Weigel began to work with plants during his postdoctoral research with Elliot M. Meyerowitz at Caltech, where he cloned the floral regulator LEAFY from Arabidopsis thaliana.[3] From 1993 to 2002, he was an Assistant and then Associate Professor at the Salk Institute for Biological Studies in La Jolla. In 2002, he accepted an appointment as Scientific Member and Director at the Max Planck Institute for Developmental Biology, where he founded the Department for Molecular Biology. He is also an Adjunct Professor at the Salk Institute and the University of Tübingen.
During the 1990s, Weigel mostly studied the development of individual flowers and how the onset of flowering is regulated. His group made important discoveries in both areas. Together with Ove Nilsson, he demonstrated that transfer of the LEAFY gene from Arabidopsis thaliana to aspen trees was sufficient to reduce the time to flowering from years to months.[4] Weigel and his team isolated the FT gene,[5] which was later found to be an important component of the mobile signal inducing flowering.[6] New genetic tools developed by his group led to the discovery of the first microRNA mutant in plants.[7]
Through his study of factors that control the onset of flowering, a quintessential adaptive trait, Weigel became interested in more general questions of evolution. Apart from work on genetic variation in environment-dependent developmental processes, his group is known for the generation of extensive genomic resources, such as the first haplotype map for a non-mammalian species.[8][9] To further exploit and advance the understanding of genetic variation, Weigel and colleagues initiated the 1001 Genomes project for Arabidopsis thaliana.
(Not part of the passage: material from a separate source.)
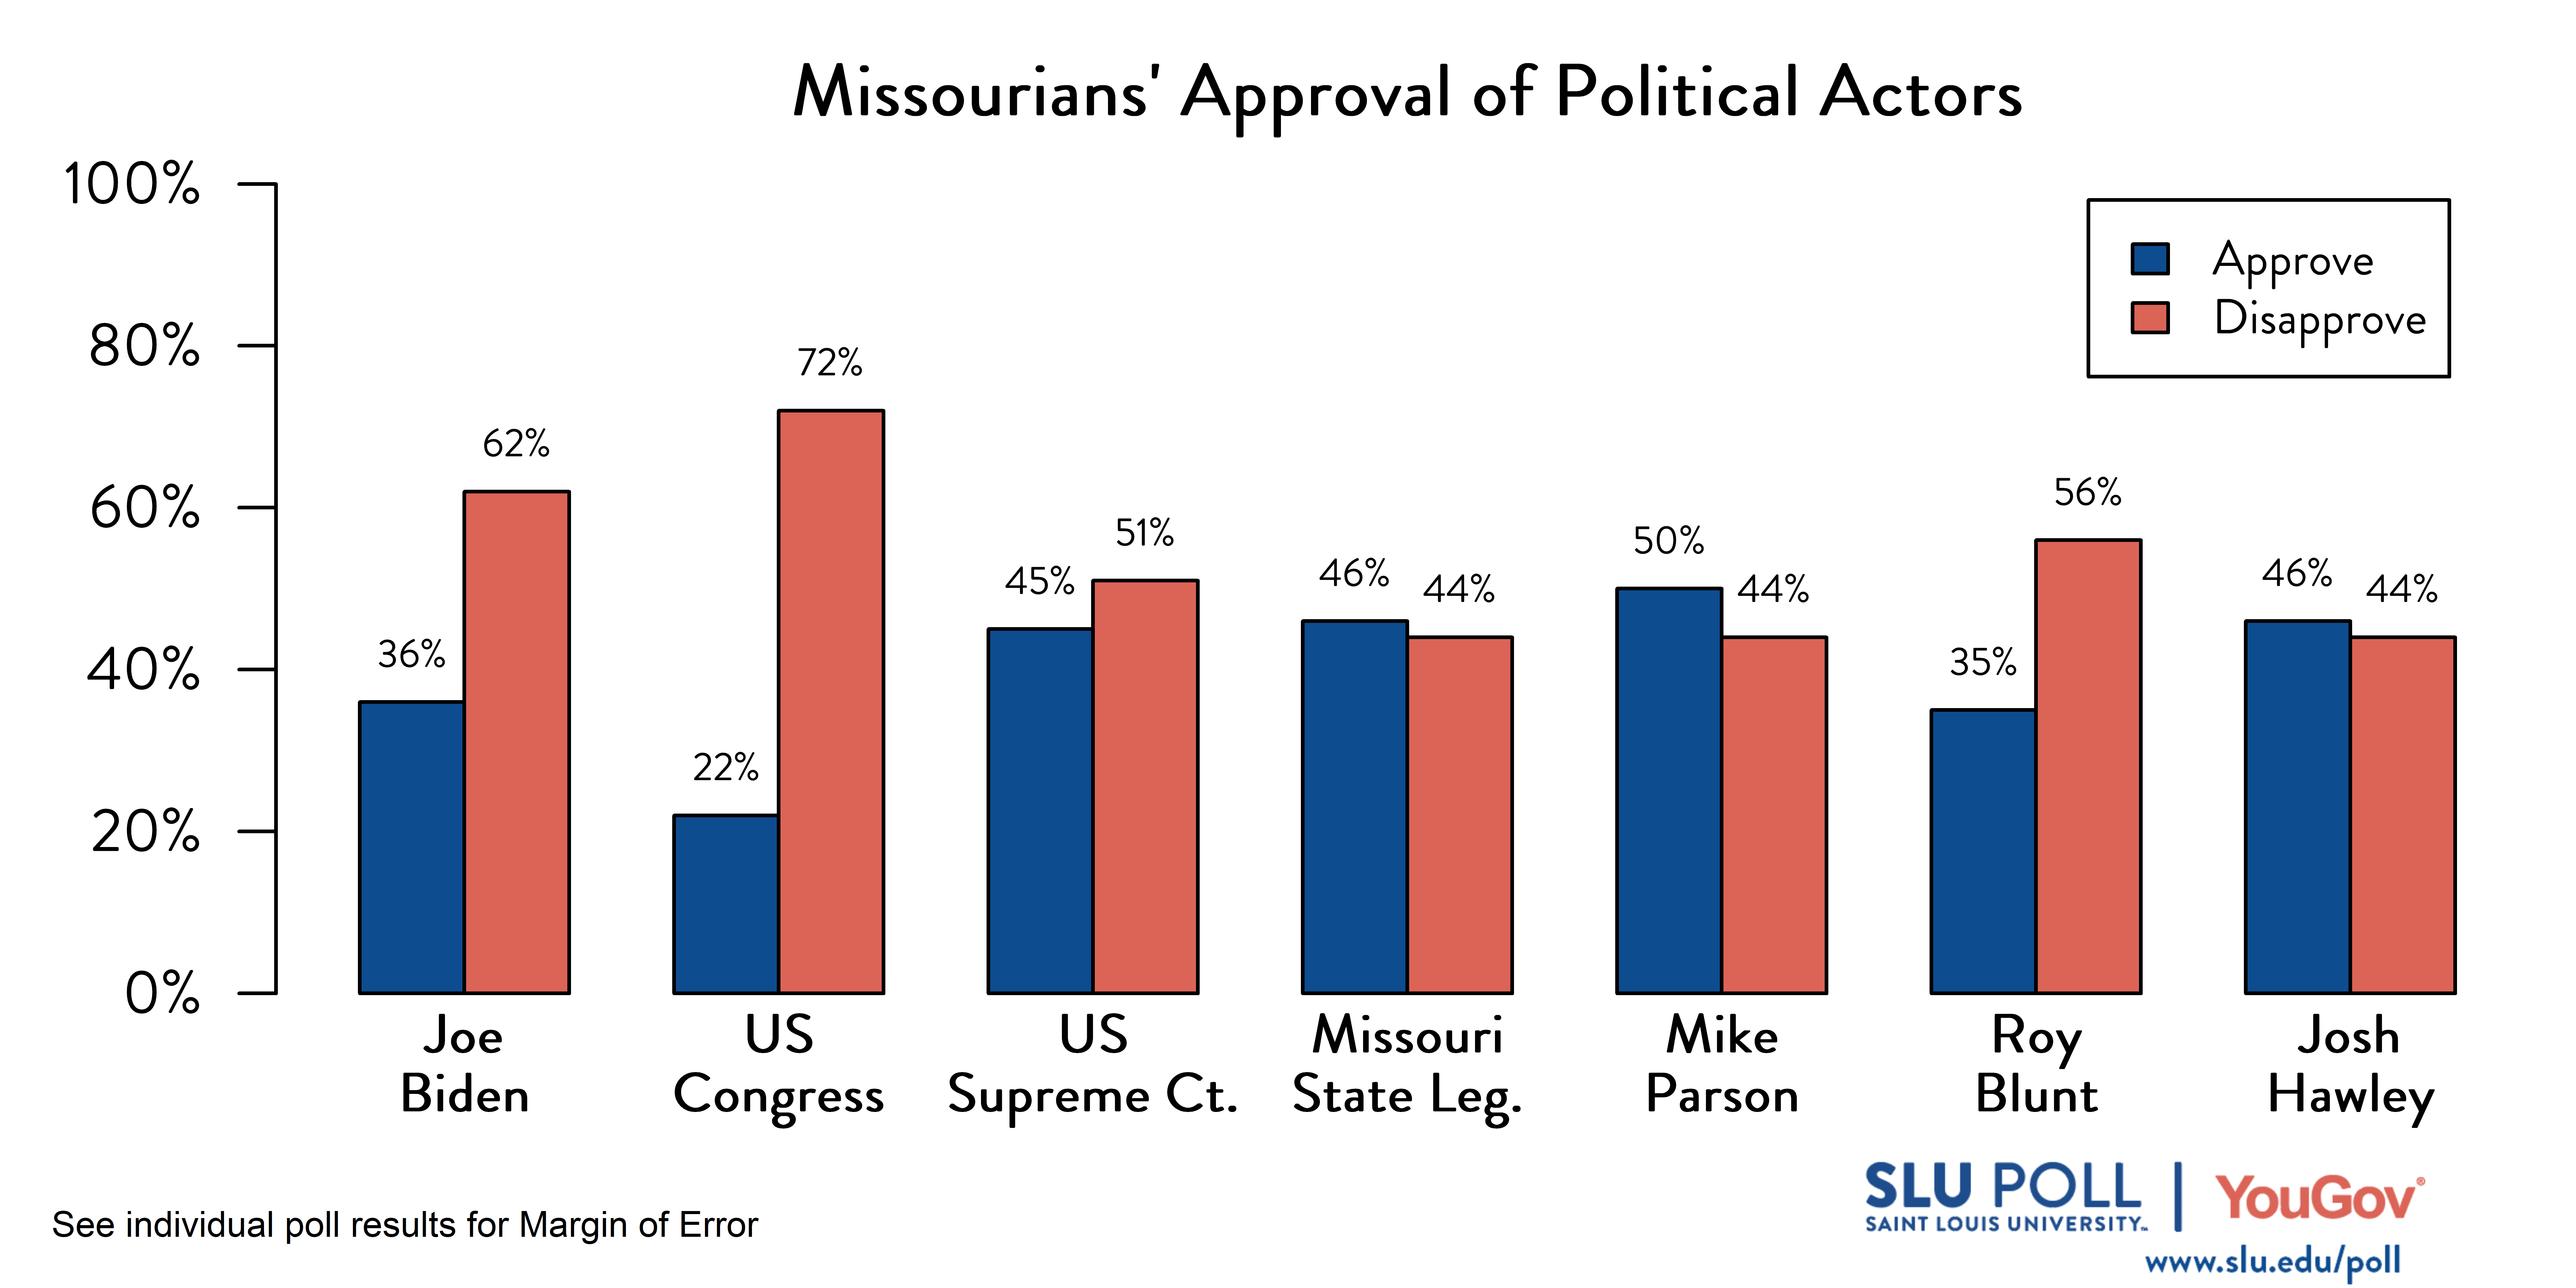 This graph shows respondents' approval and disapproval of various political actors. 36% approve of Joe Biden, while 62% disapprove. 22% disapprove of the US Congress, while 72% disapprove. 45% approve of the Supreme Court, while 51% disapprove. 46% approve of the Missouri State Legislature, while 44% disapprove. 50% approve of Mike Parson, while 44% disapprove. 35% approve of Roy Blunt, while 56% disapprove. 46% approve of Josh Hawley, while 44% disapprove.

Related to this is a new area of interest, in reproductive isolation. In collaboration with Jeffery Dangl, his group discovered that genetic barriers in plants are often associated with autoimmunity. In work led by former postdoc Kirsten Bomblies, now an Assistant Professor at Harvard, they could show that in certain hybrid offspring, specific gene products contributed by one of the parents may be inappropriately recognized as foreign and pathogenic, and thus trigger pervasive cell death throughout the plant.[10]